Why does enumerating a dataloader show a different object than accessing the dataset by index?

I’m trying to use an existing model and adapt it for my own use case and dataset. To do that, I had to change the kind of information that the get_item method of the dataset returns (added some keys to a dictionary). For some reason, the new keys don’t get added when I try to loop over the dataloader that is supposed to load the dataset. During the debugging process I noticed that when accessing my dataset by index, it returns me the keys I added. When I access the dataset by using “enumerate”, it shows me the old keys.

Attached a code snippet from my trainer.fit() method with the outputs:

for batch_idx, batch in enumerate(train_loader):
                ic(type(train_loader))
                ic(type(train_loader.dataset))
                
                ic(train_loader.dataset[0].keys())
                ic(type(train_loader.dataset[0]))
    
                ic(batch.keys())
                ic(type(batch))

Outputs:

ic| type(train_loader): <class 'torch.utils.data.dataloader.DataLoader'>
ic| type(train_loader.dataset): <class 'torch.utils.data.dataset.ConcatDataset'>
ic| train_loader.dataset[0].keys(): dict_keys(['src_xyz', 'src_grey', 'tgt_xyz', 'tgt_grey', 'src_overlap', 'tgt_overlap', 'correspondences', 'pose', 'idx', 'overlap_p'])
ic| batch.keys(): dict_keys(['src_xyz', 'tgt_xyz', 'src_overlap', 'tgt_overlap', 'correspondences', 'idx', 'pose', 'overlap_p'])
ic| type(batch): <class 'dict'>

As you can see, the keys in train_loader.dataset[0] are different than in batch. Two questions arise from this:

  1. How is train_loader.dataset[0] not the same as the batch variable?
  2. Why do we enumerate over the dataloader, not over dataloader.dataset?

I hope the context is sufficient to understand the question!

  1. loader.dataset will access the dataset that was passed to the DataLoader in the main process. If you are using multiprocessing via num_workers>0 each worker will create its copy of this dataset during its instantiation.
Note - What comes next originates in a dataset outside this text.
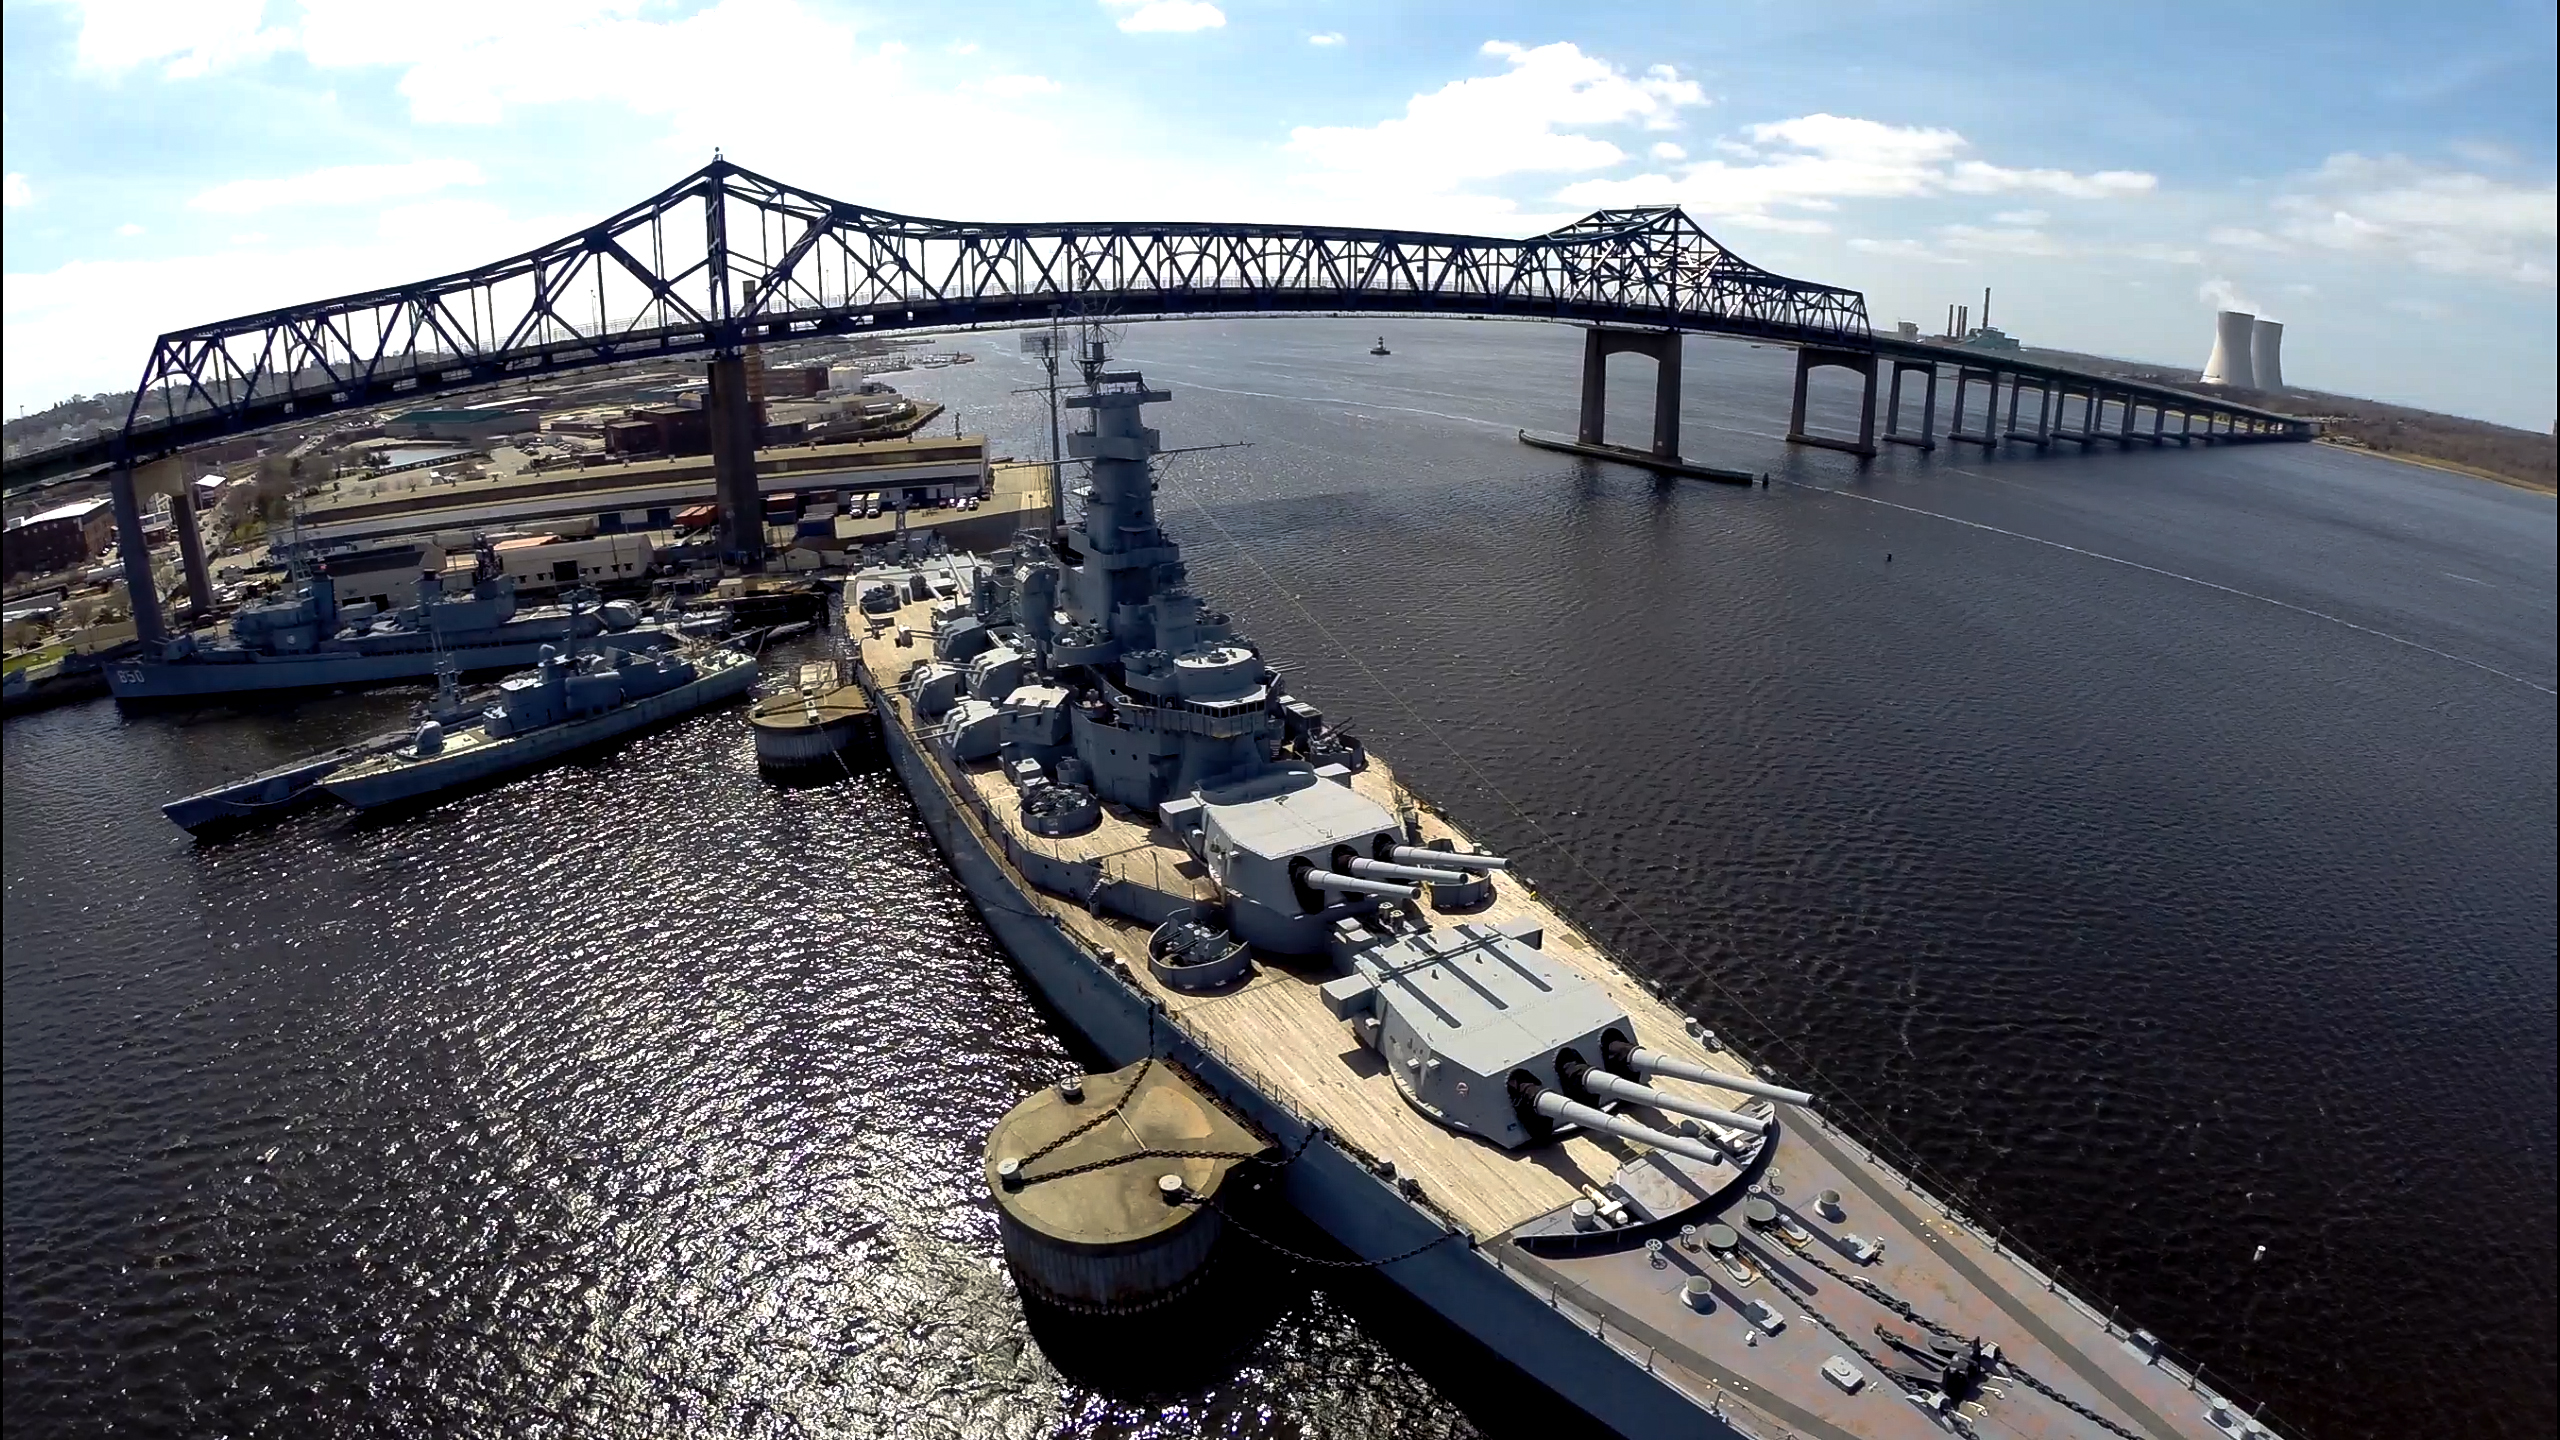 BattleShip Cove | PVD Aerial Productions | Your world from 400ft high

You could get information about the worker process via torch.utils.data.get_worker_info() inside the Dataset.__getitem__.

2.You don’t need to use a DataLoader, but it allows you to:

  • shuffle the data
  • use pinned memory
  • use multiprocessing via num_workers>0
  • batches the data
  • use custom samplers, etc.
1 Like

Thank you! It turned out there was a problem for the collate_fn.